WORK INSTRUCTION
When you repeat the material, keep each line exact and omit the pictures.

DATASET CONTENT

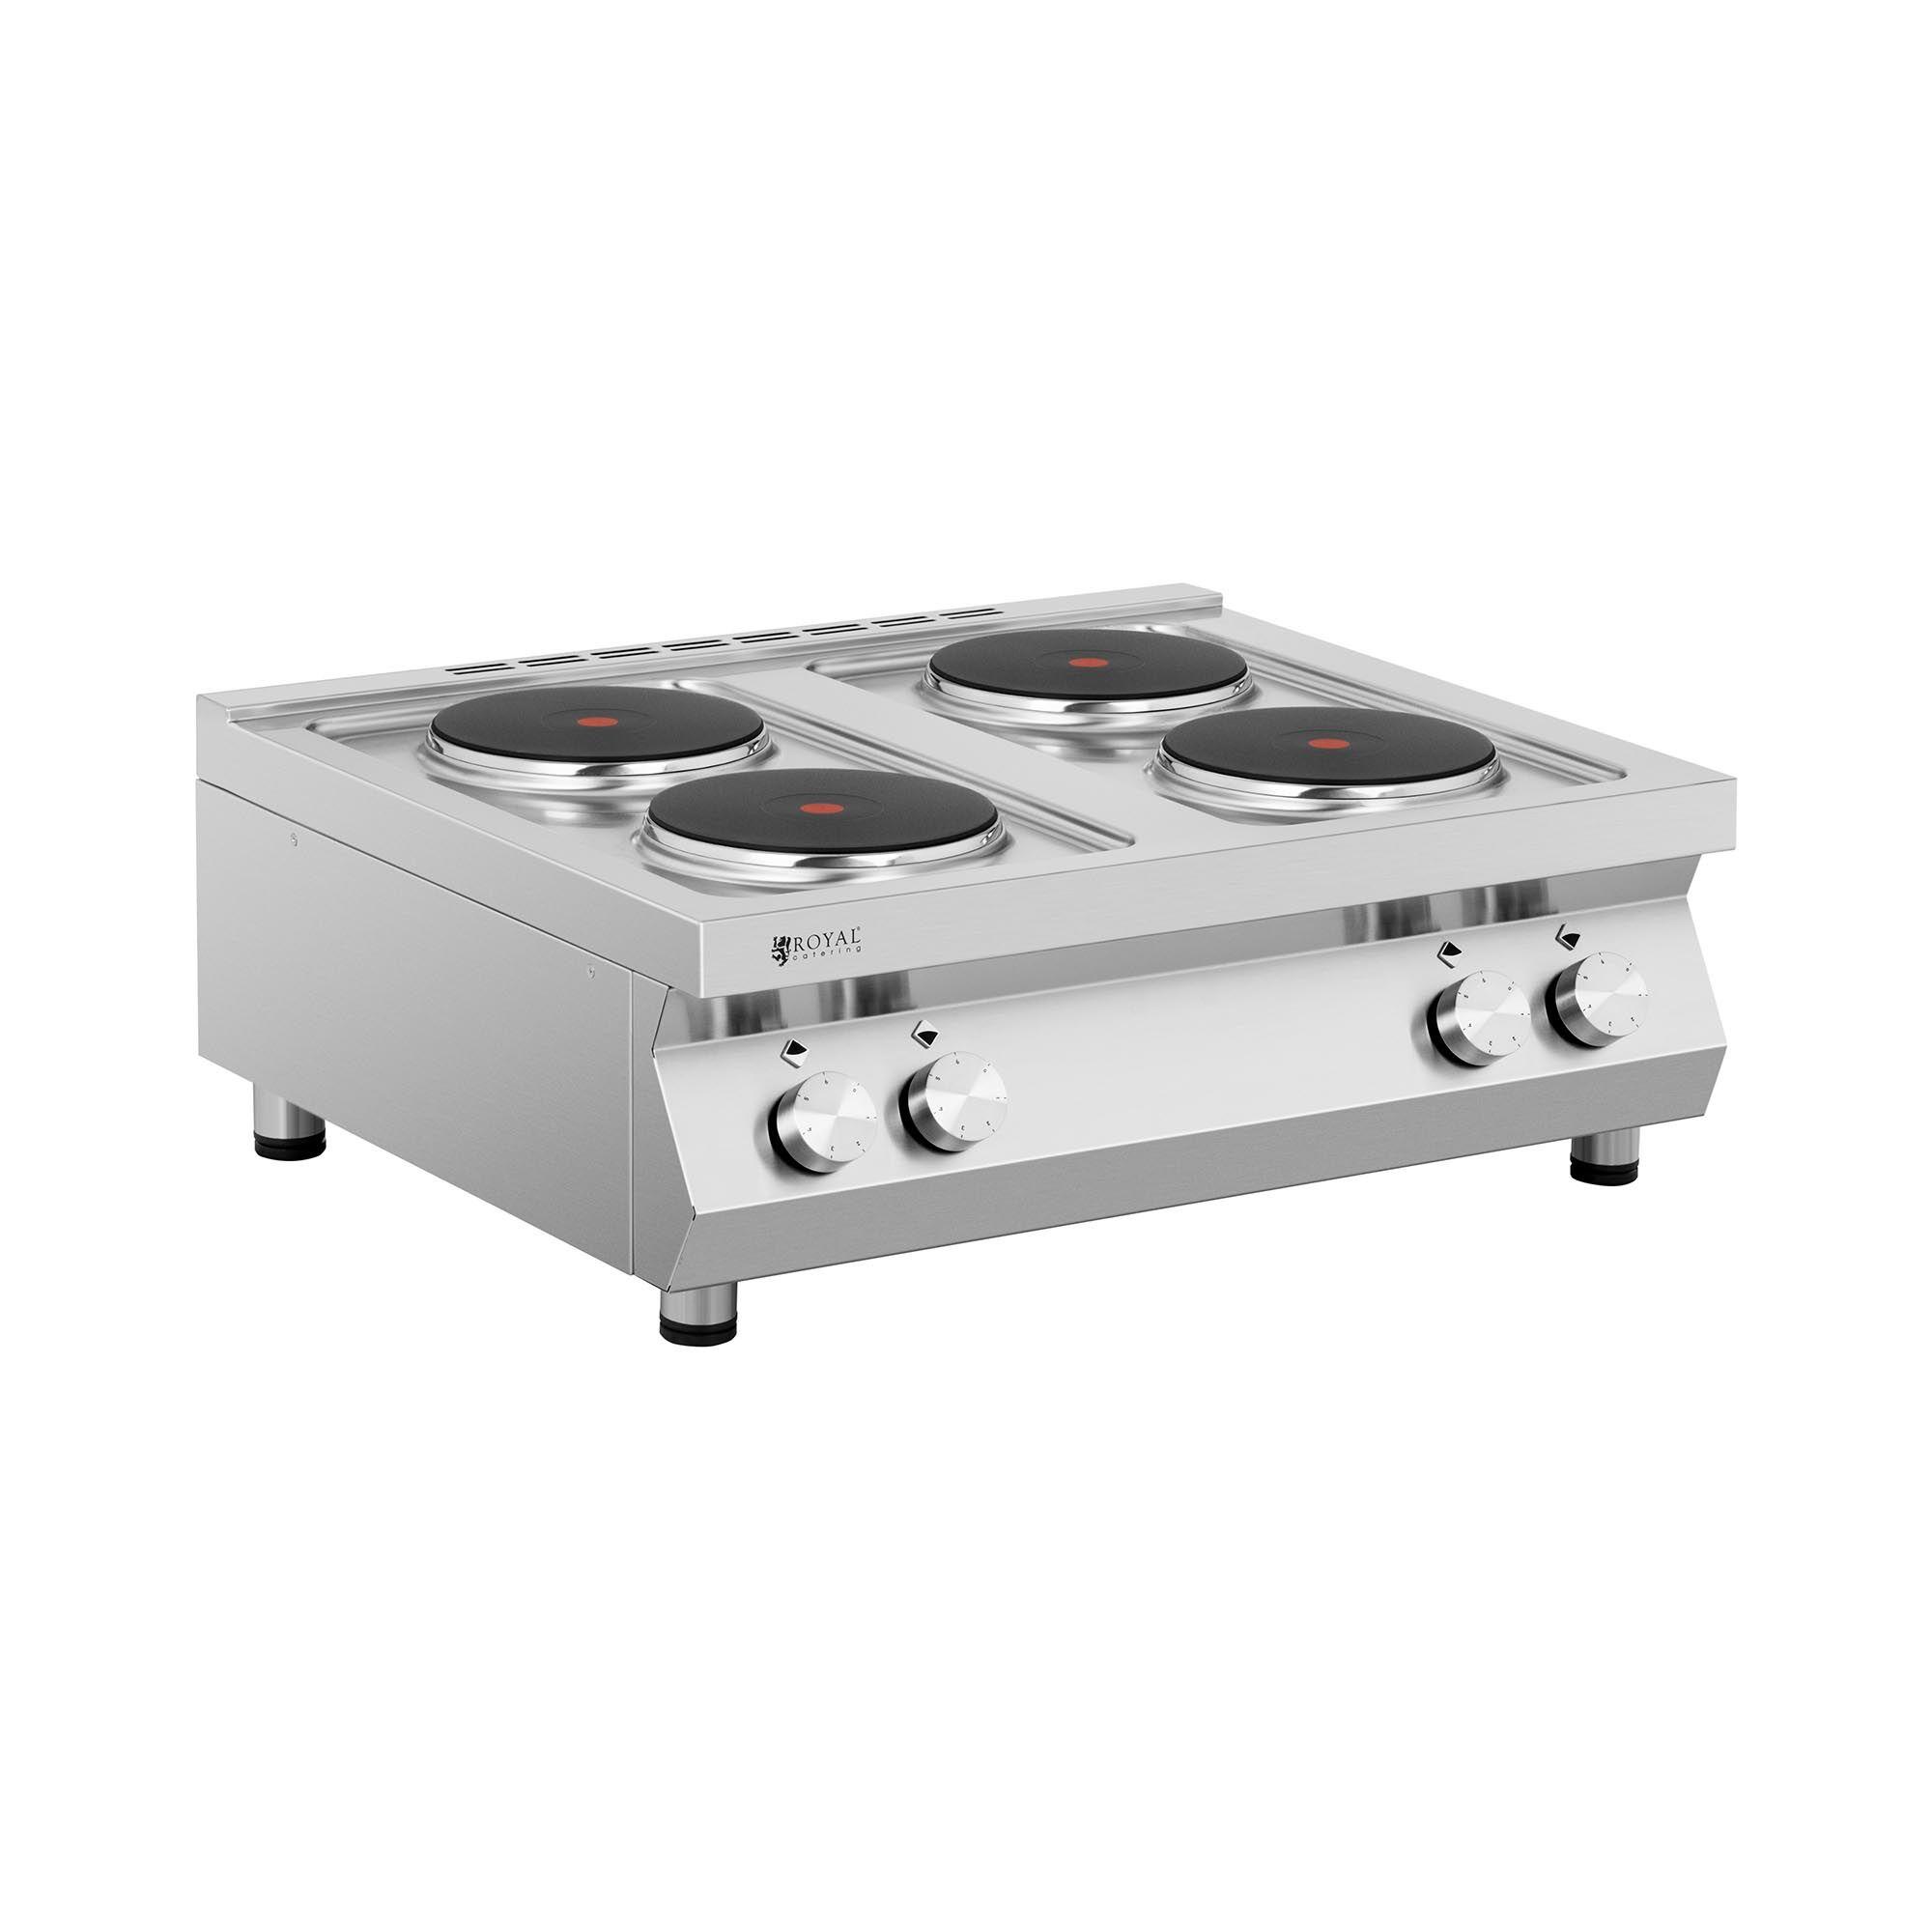 royal catering cucina elettrica professionale - 10.400 w - piano cottura con 4 fornelli rc-ecp4t
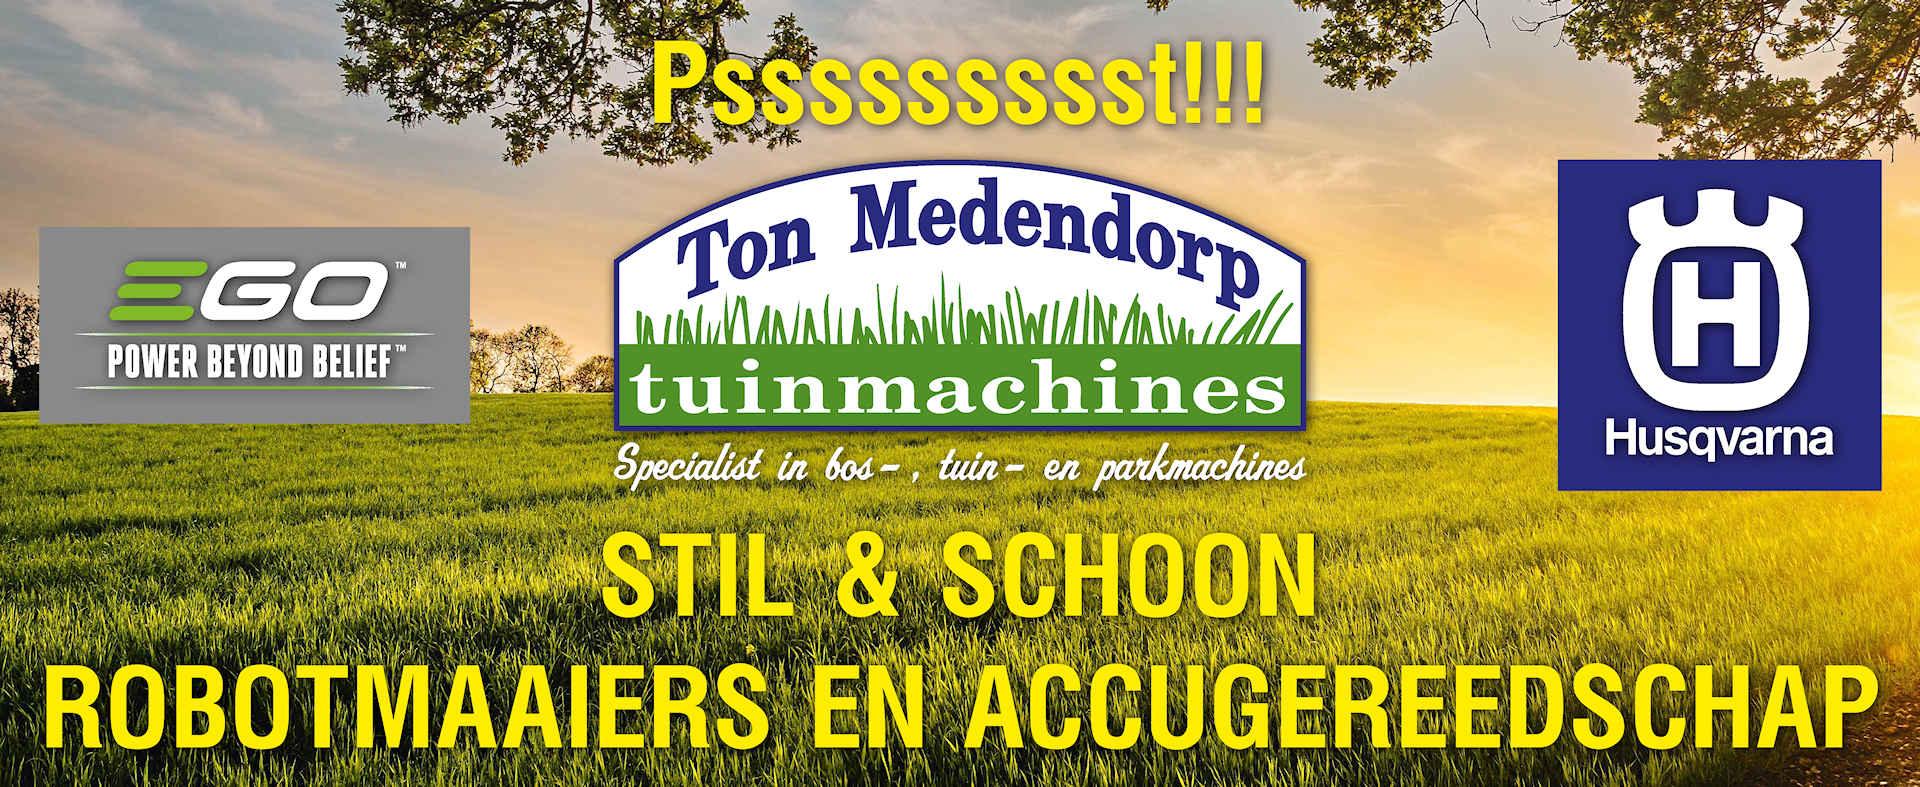 Ton Medendorp tuinmachines - Uithuizen
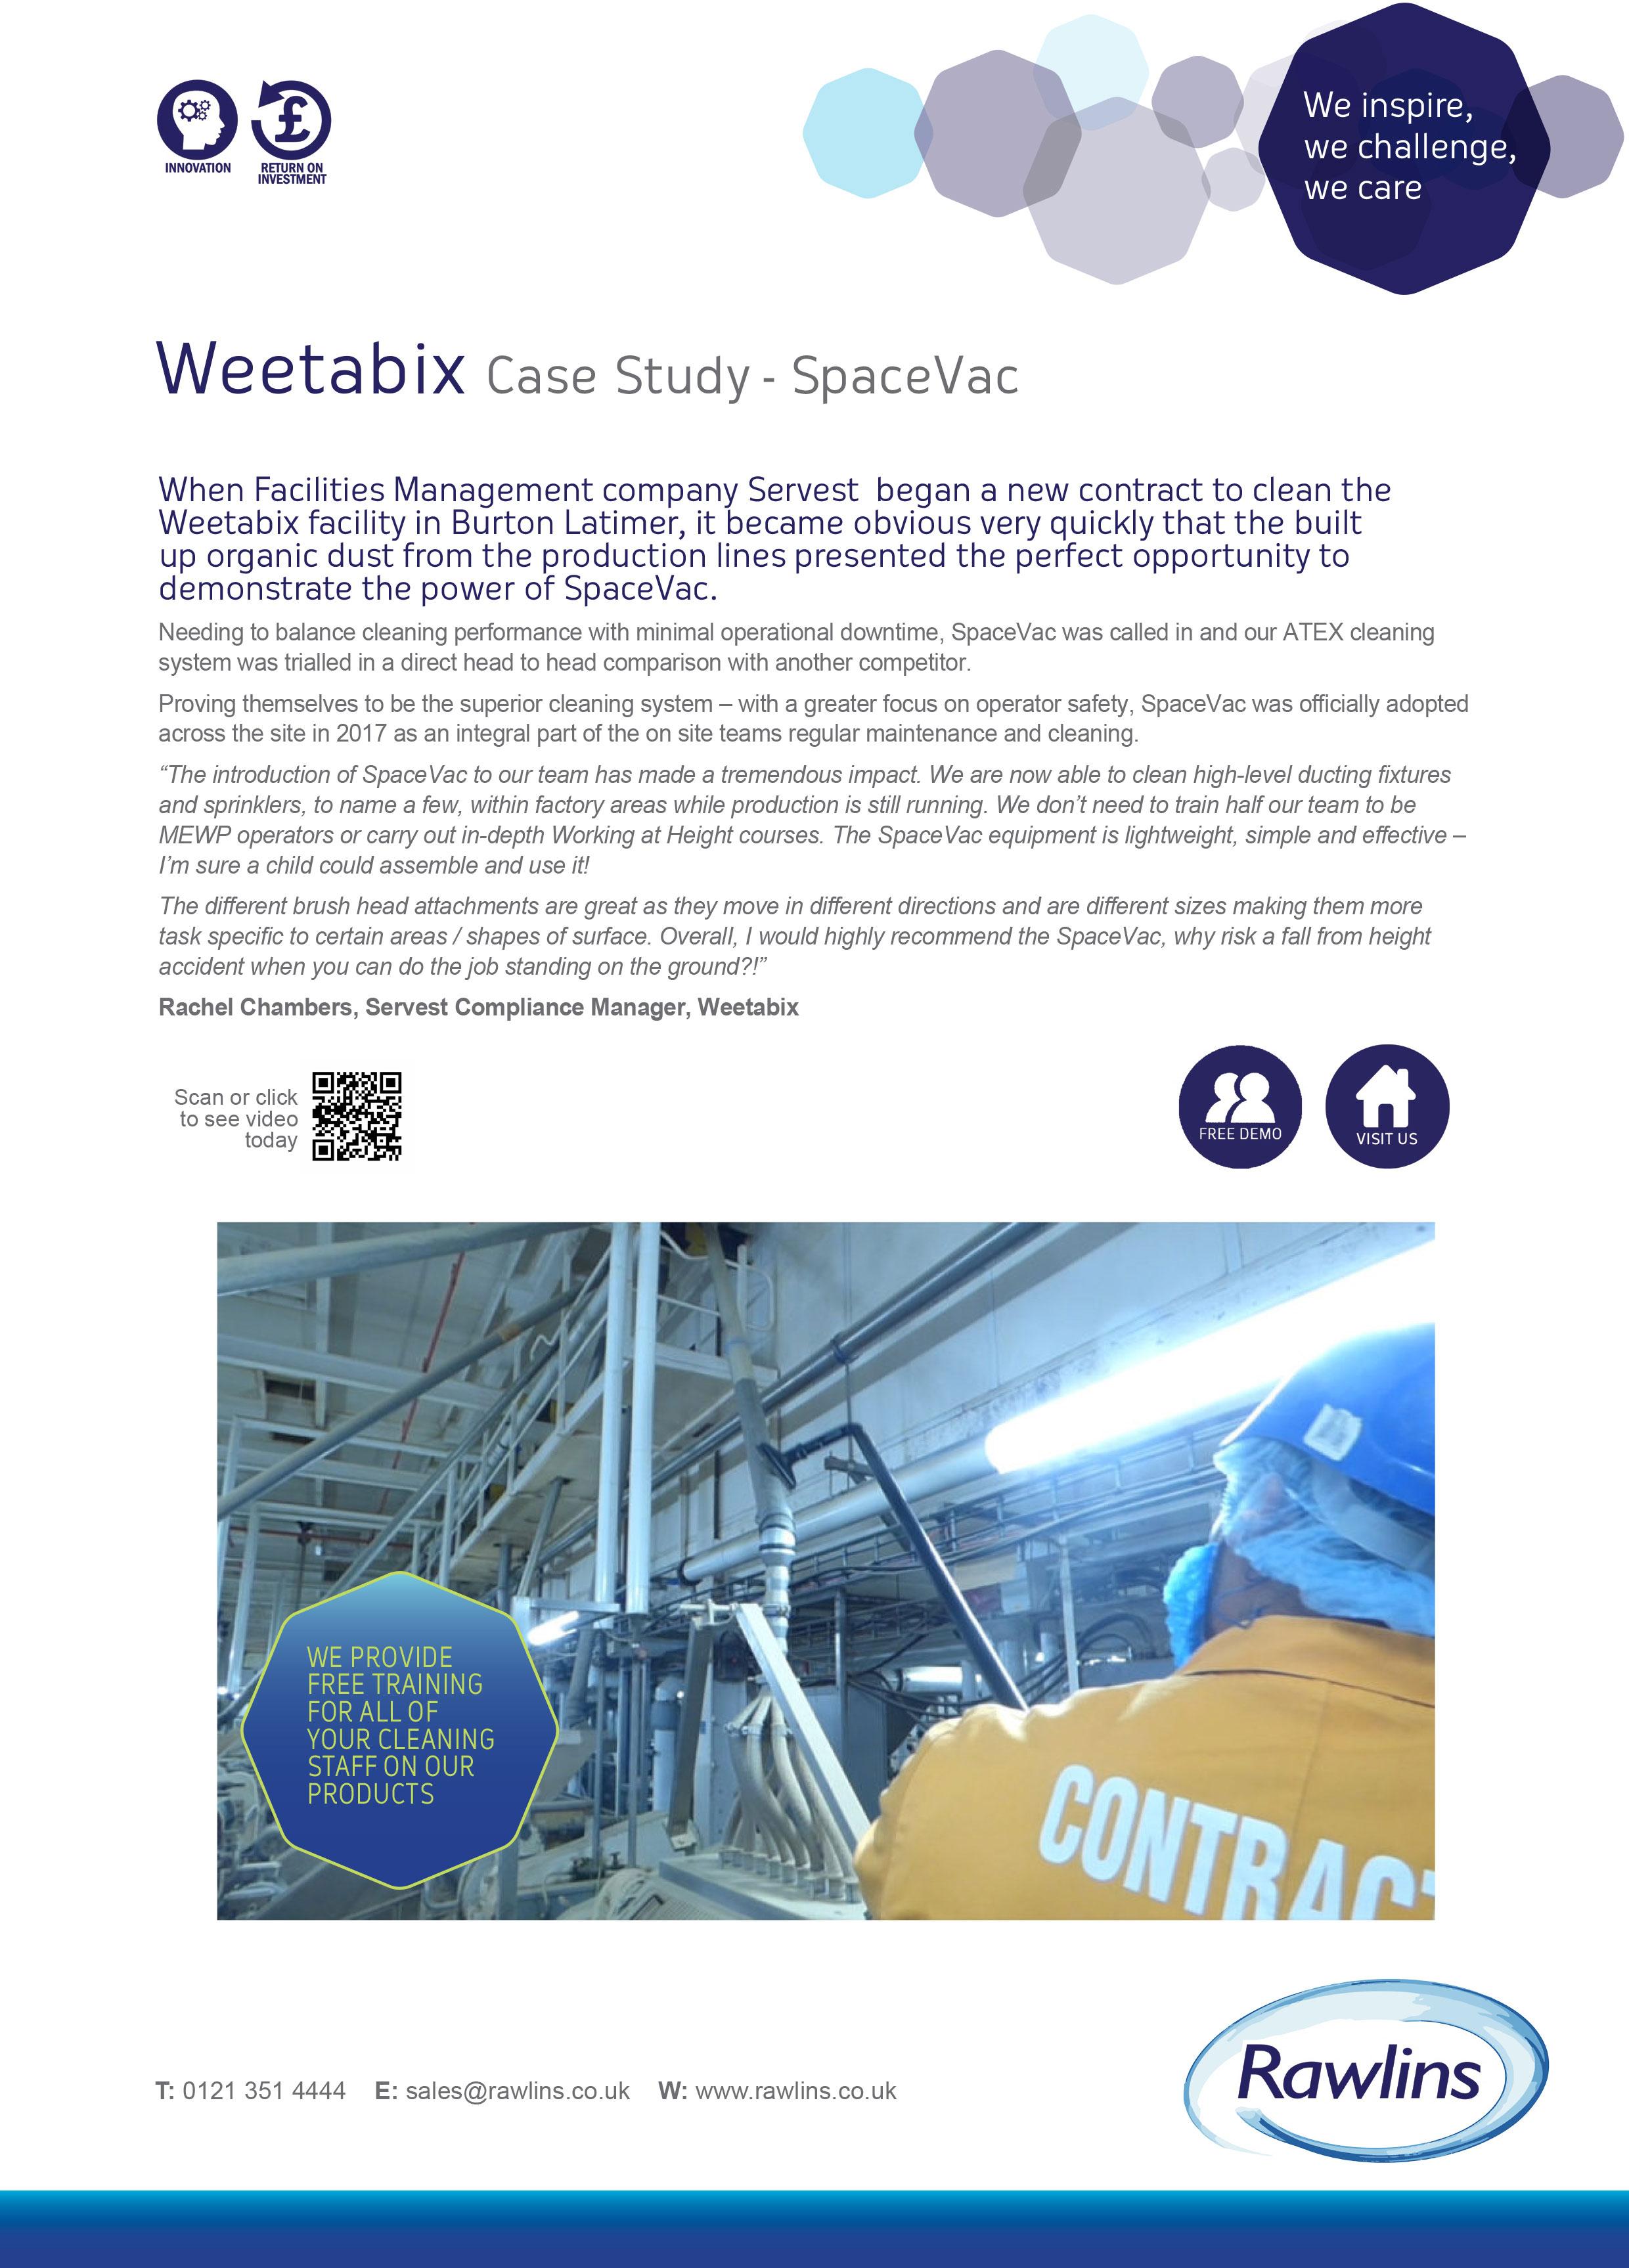 Case Study - Weetabix

WRITTEN RESPONSE
 royal catering cucina elettrica professionale - 10.400 w - piano cottura con 4 fornelli rc-ecp4t
 Ton Medendorp tuinmachines - Uithuizen
 Case Study - Weetabix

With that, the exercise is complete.